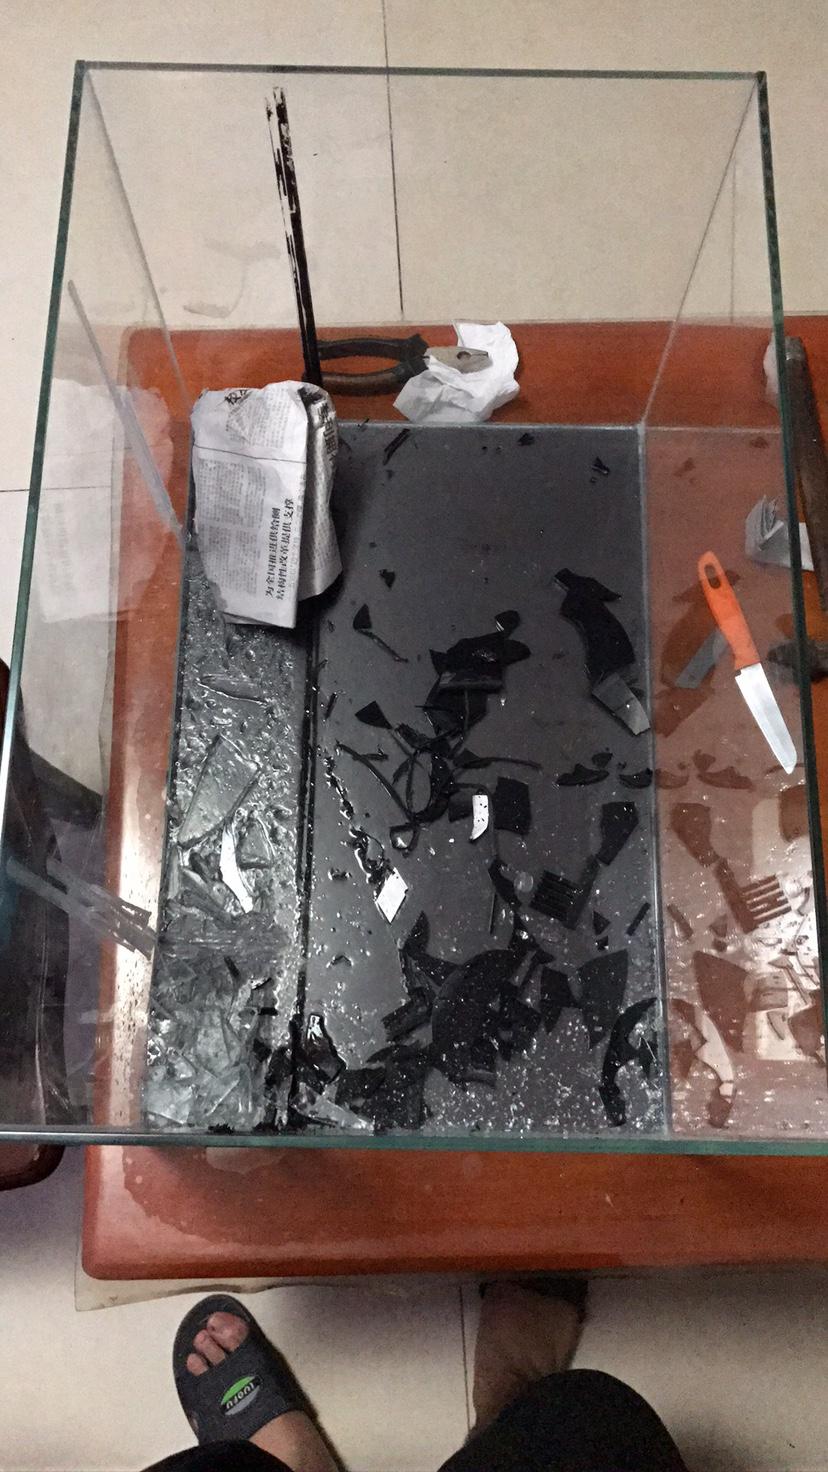 背滤缸改造绵阳水族批发市场 绵阳龙鱼论坛 绵阳水族批发市场第3张
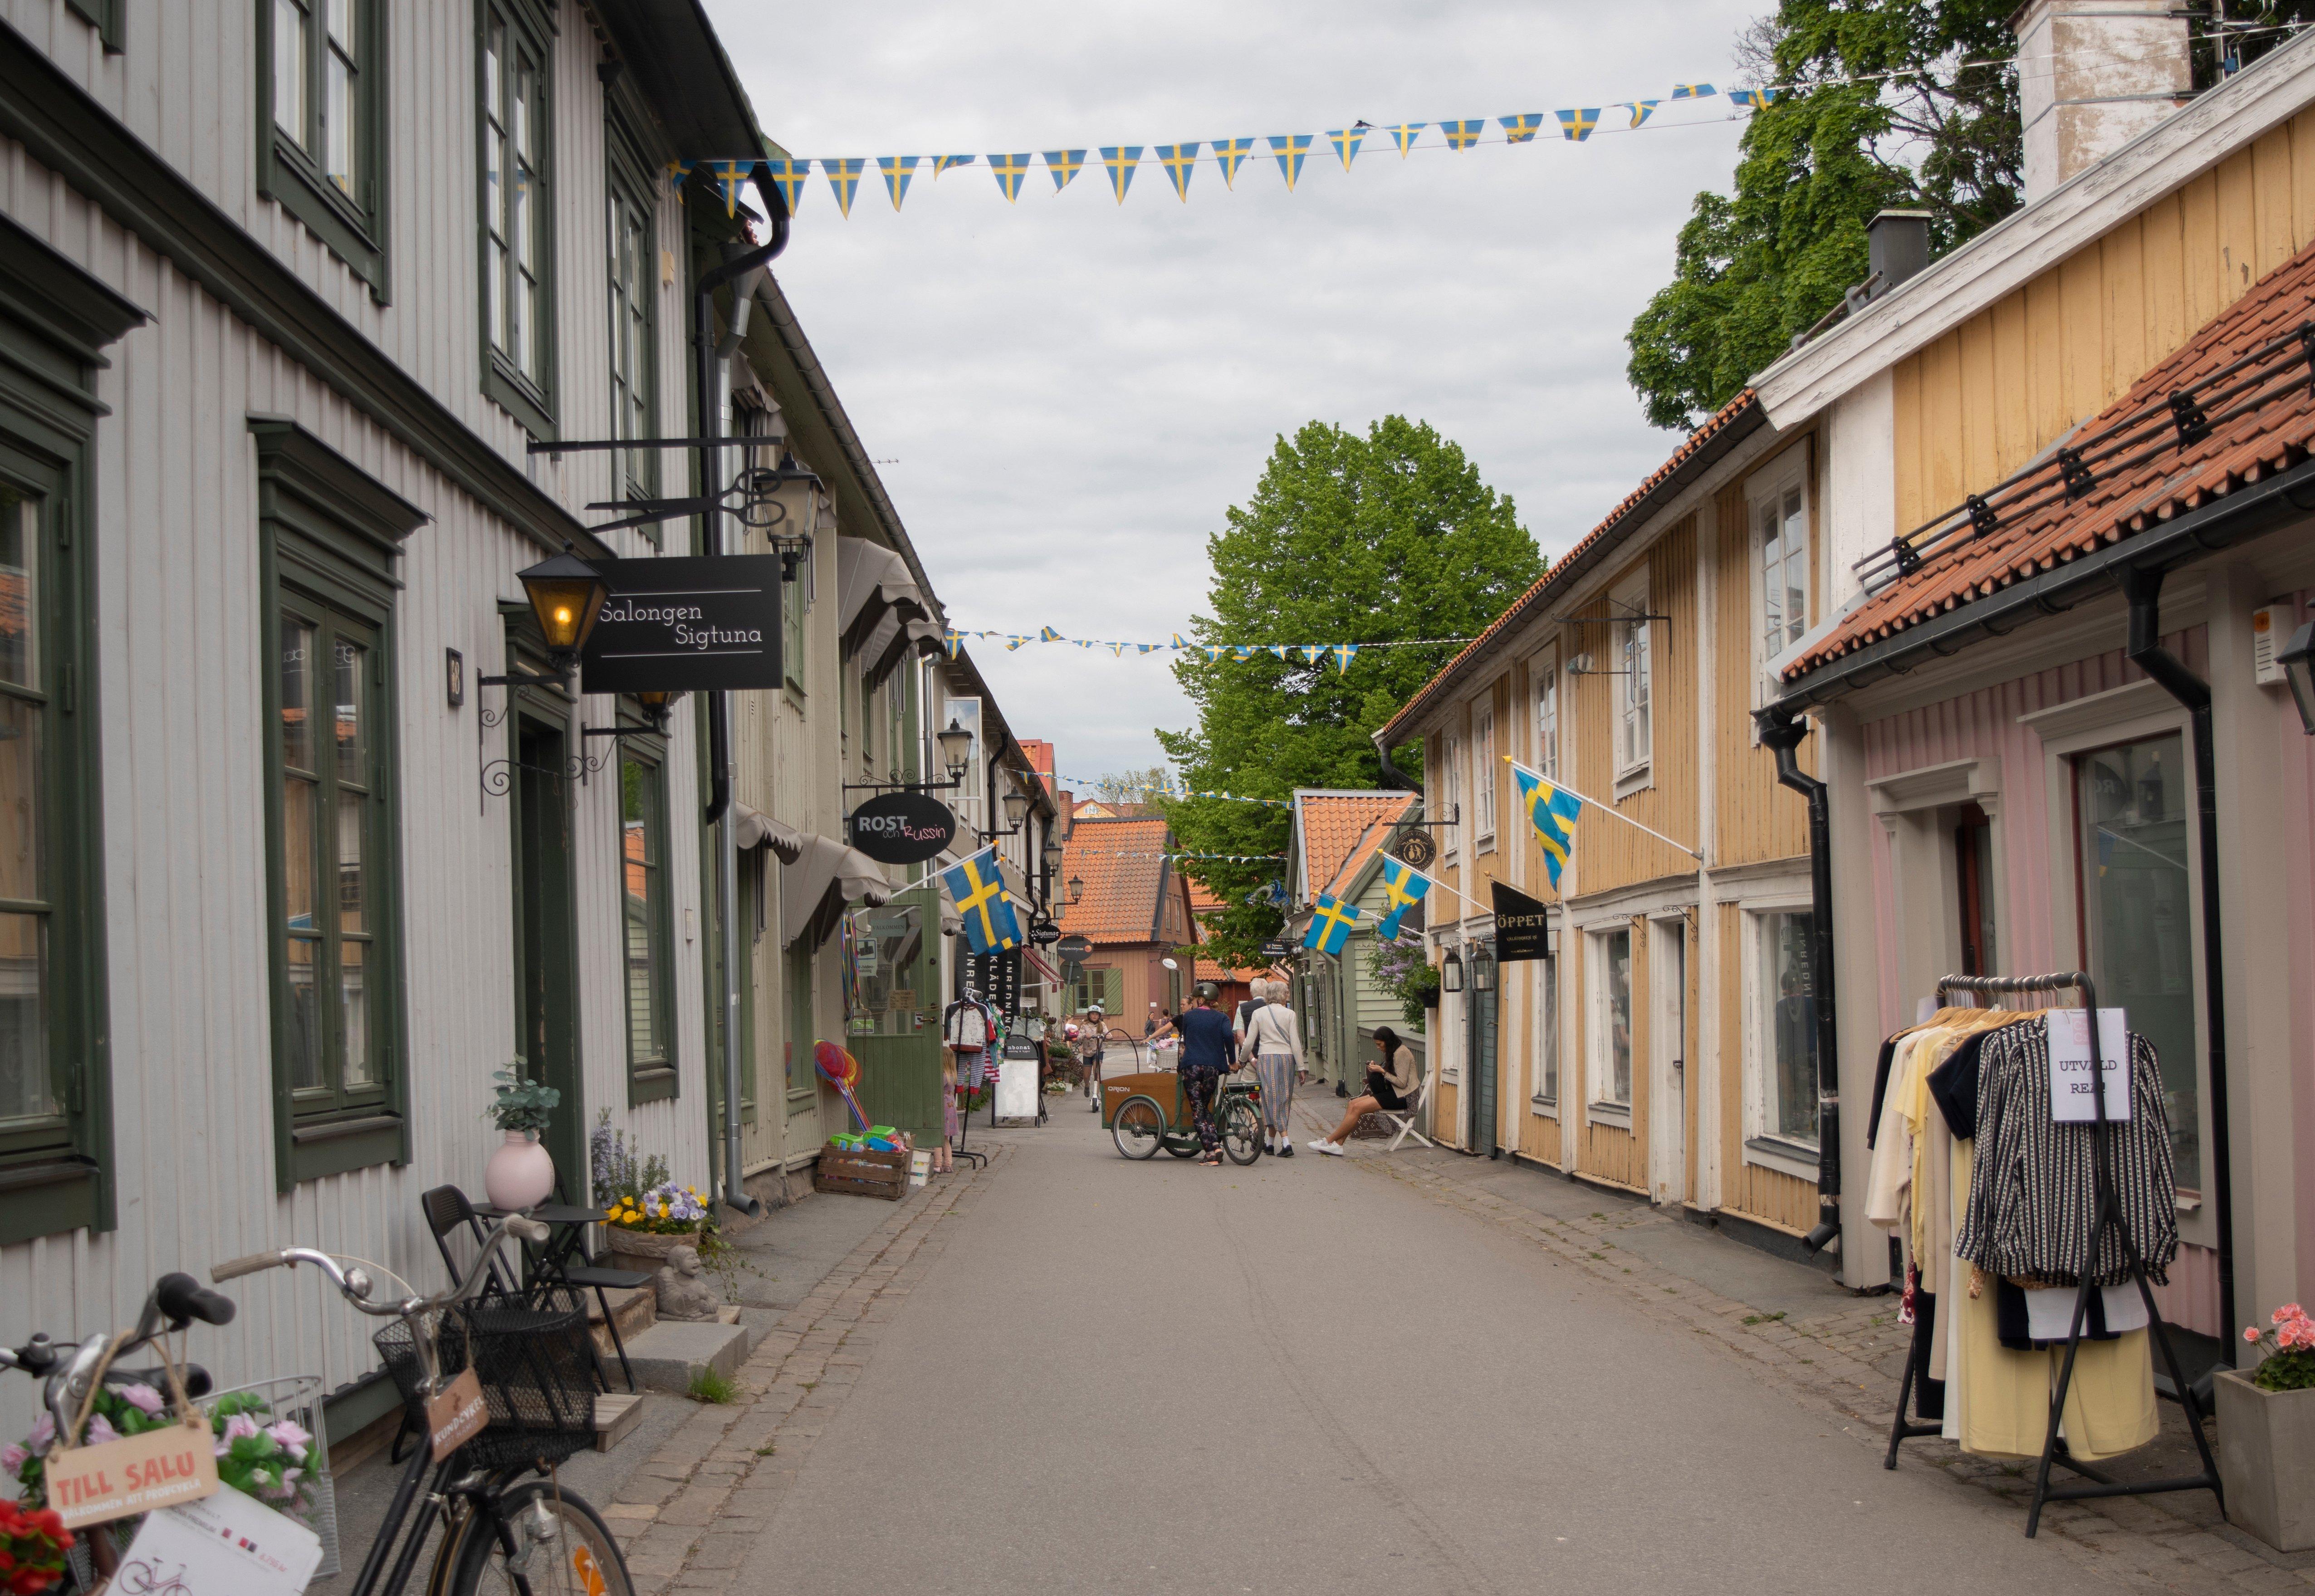 sommar_storagatan
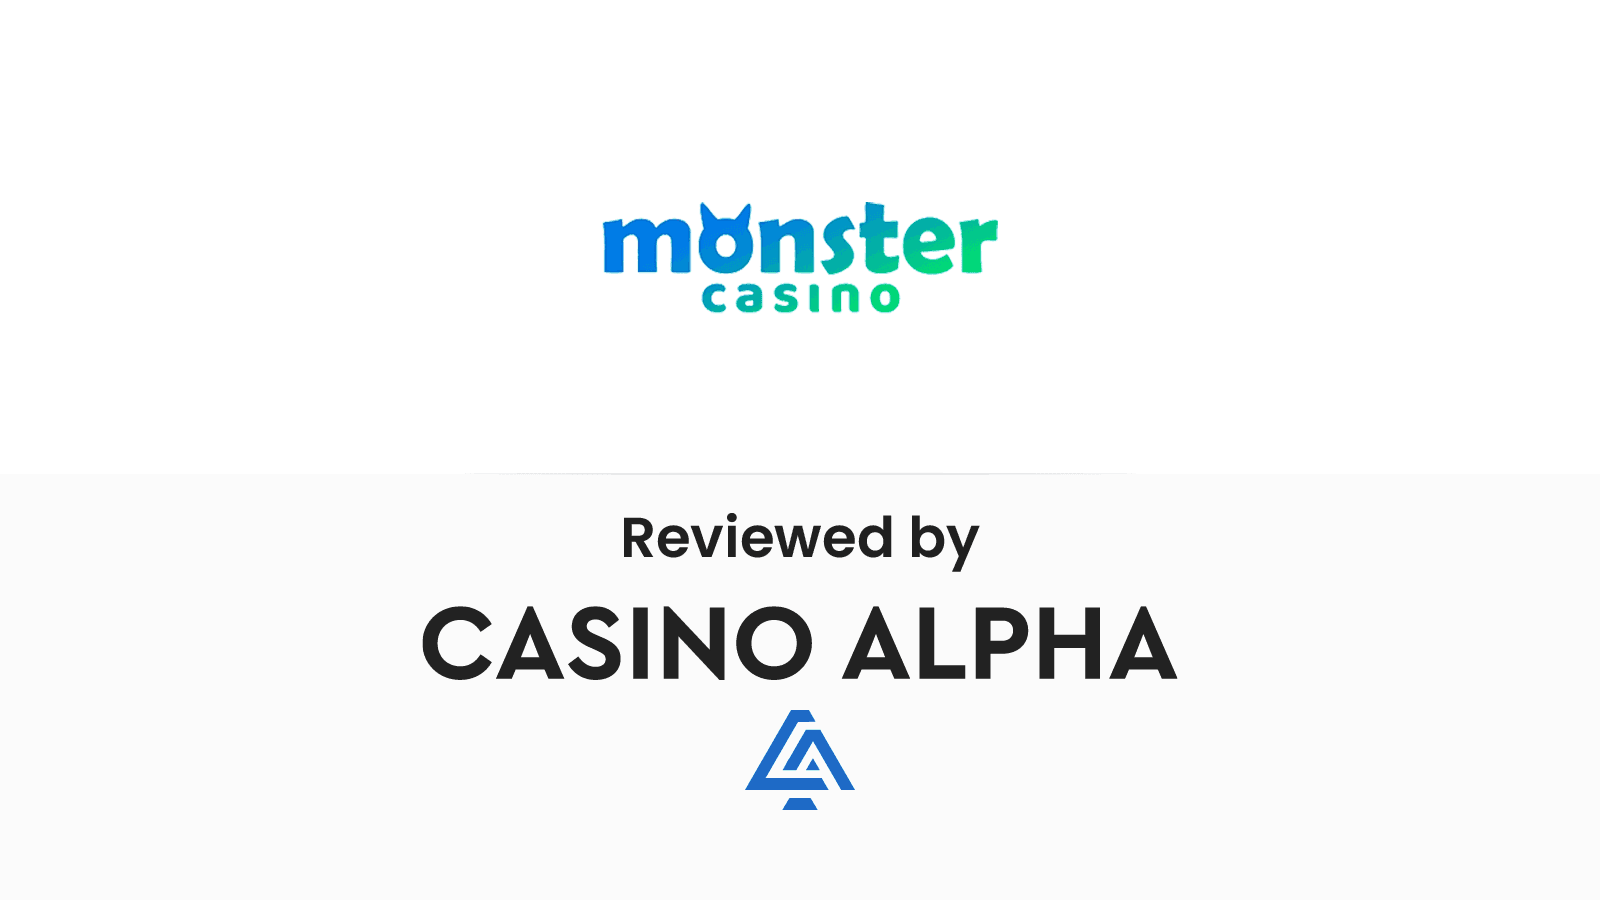 Monster Casino Review & Bonuses
++++++
→ **Exercise**: Copy the lines above exactly. Do not include pictures.

→ **Answer space**:
 背滤缸改造绵阳水族批发市场 绵阳龙鱼论坛 绵阳水族批发市场第3张
 sommar_storagatan
 Monster Casino Review & Bonuses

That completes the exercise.